Harmonised Australian Retailer Produce Scheme (HARPS)—the driver for change
(continued from last issue)
The project has been supported by the five biggest grocery retailers in Australia, namely Coles, Woolworths, ALDI, Costco and Metcash.
It is estimated that the fresh produce market share covered by these businesses is about 70% of the total Australian market.
The outcome of the QA Harmonisation project is the Harmonised Australian Retailer Produce Scheme (HARPS). Under HARPS, the major grocery retailers in Australia will accept a suite of base Food Safety Standards (Freshcare, GLOBALG.A.P., SQF or BRC).
Businesses supplying direct to retail customers can now undertake a single audit against an approved base standard + HARPS, that will satisfy all customers, rather than having audits against multiple standards.
Under HARPS all indirect suppliers will be required to be certified to one of the approved ‘base standards’. For most growers and grower packers Freshcare FSQ4 continues to provide the most appropriate on-farm certification.
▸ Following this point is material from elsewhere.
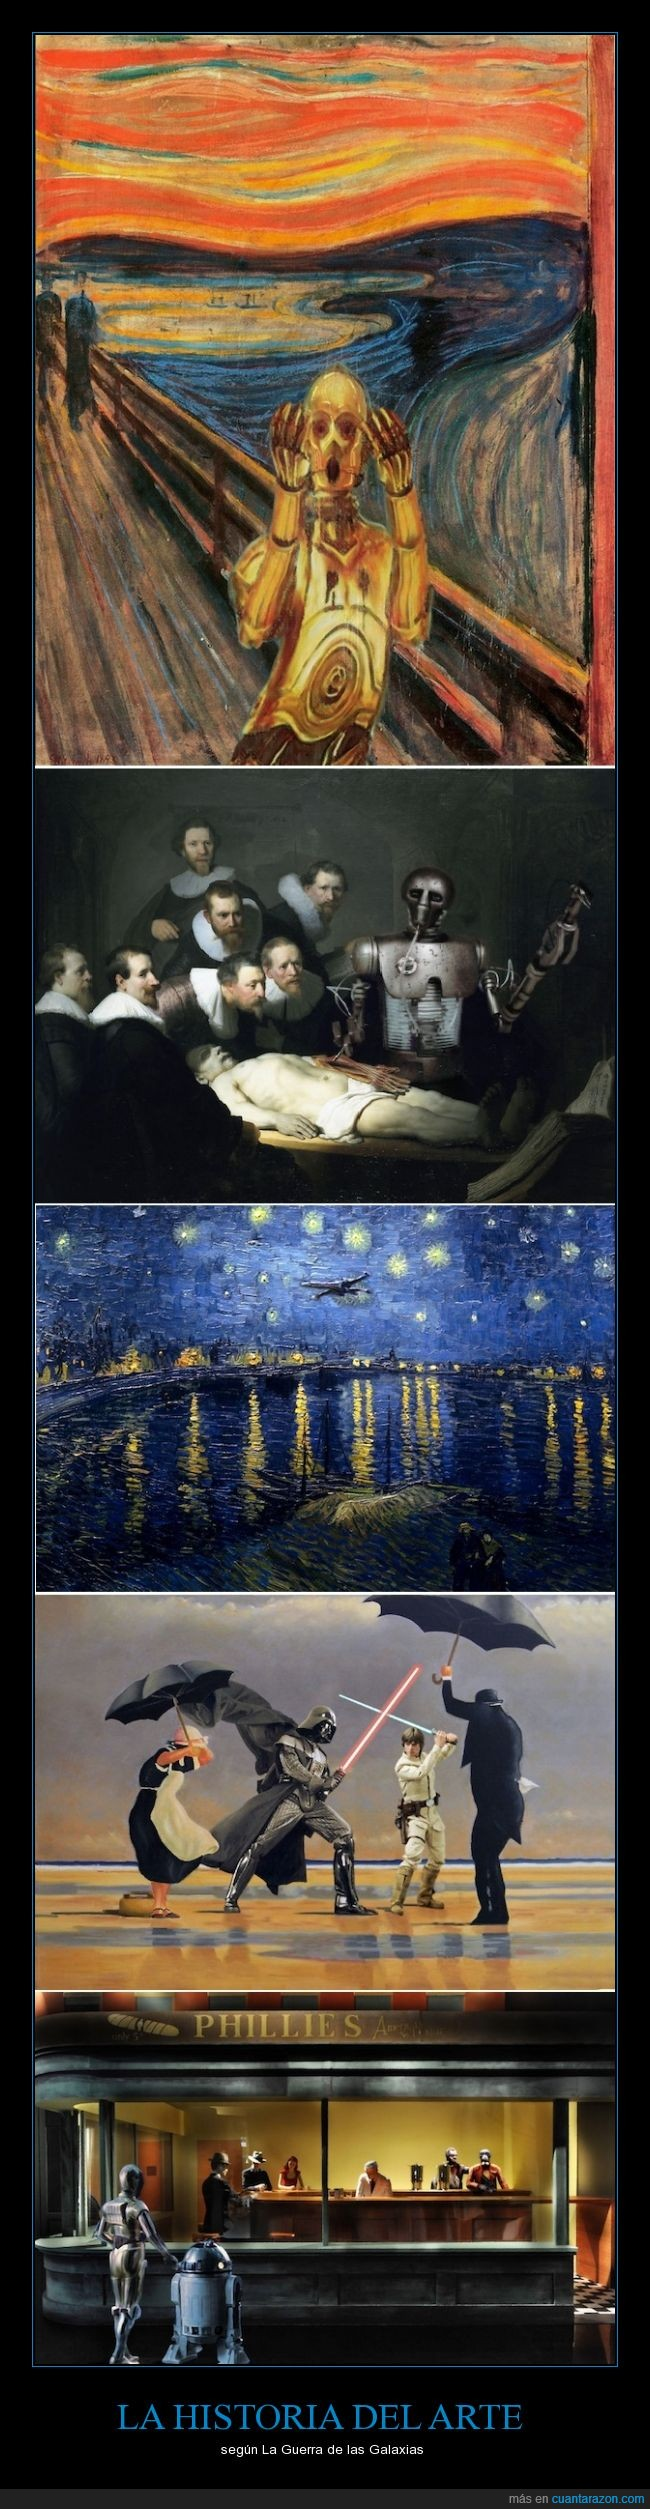 arte,cuadro,Hopper,mashup,Munch,Rembrandt,sar wars,Van Gogh,Warho,Wintersixfour

Freshcare—GLOBALG.A.P benchmark initiative
Australian growers looking to enter key export markets are set to save significant cost and complication, with Freshcare seeking to provide a mechanism for compliance with both global and domestic food-safety certification requirements.
The popular, industry led Freshcare Food Safety and Quality Standard (FSQ4) has commenced the benchmark process against the widely accepted GLOBALG.A.P. Standard to provide an export market version for Australian growers.
The new initiative being delivered through Horticulture Innovation Australia (using vegetable industry levy funds and funds from the Australian Government) in partnership with peak industry body AUSVEG, will have a significant impact for growers in many export sectors.
Historically, growers have had to undertake a lengthy, complicated and costly transition to implement an entirely new food safety standard (GLOBALG.A.P.—standalone) for export market access.
Successful completion of benchmarking, and recognition of the Freshcare Standard by GLOBALG.A.P. would enable Australian growers to build on their existing food safety and quality certification (Freshcare) as a streamlined compliance process to access export markets.
The initial step in the process was to identify/clarify the requirements for Good Agricultural Practice (G.A.P) in the key export markets for Australian fresh produce, including a number of Asian markets and the Middle East; considering the required scopes: food safety, quality, environmental, biosecurity, worker welfare, etc.
With the scope of the benchmark confirmed, a gap analysis of the Freshcare Food Safety & Quality Standard (FSQ4) was conducted against the requirements of GLOBALG.A.P. Certification (v5.0)
A Freshcare ‘bolt on’ based on outcomes of Step 1 and Step 2 is now being developed to include as part of the formal benchmark submission to GLOBALG.A.P. Regular project updates will be provided through both the Freshcare website and industry communications, with the project due for completion by late 2017.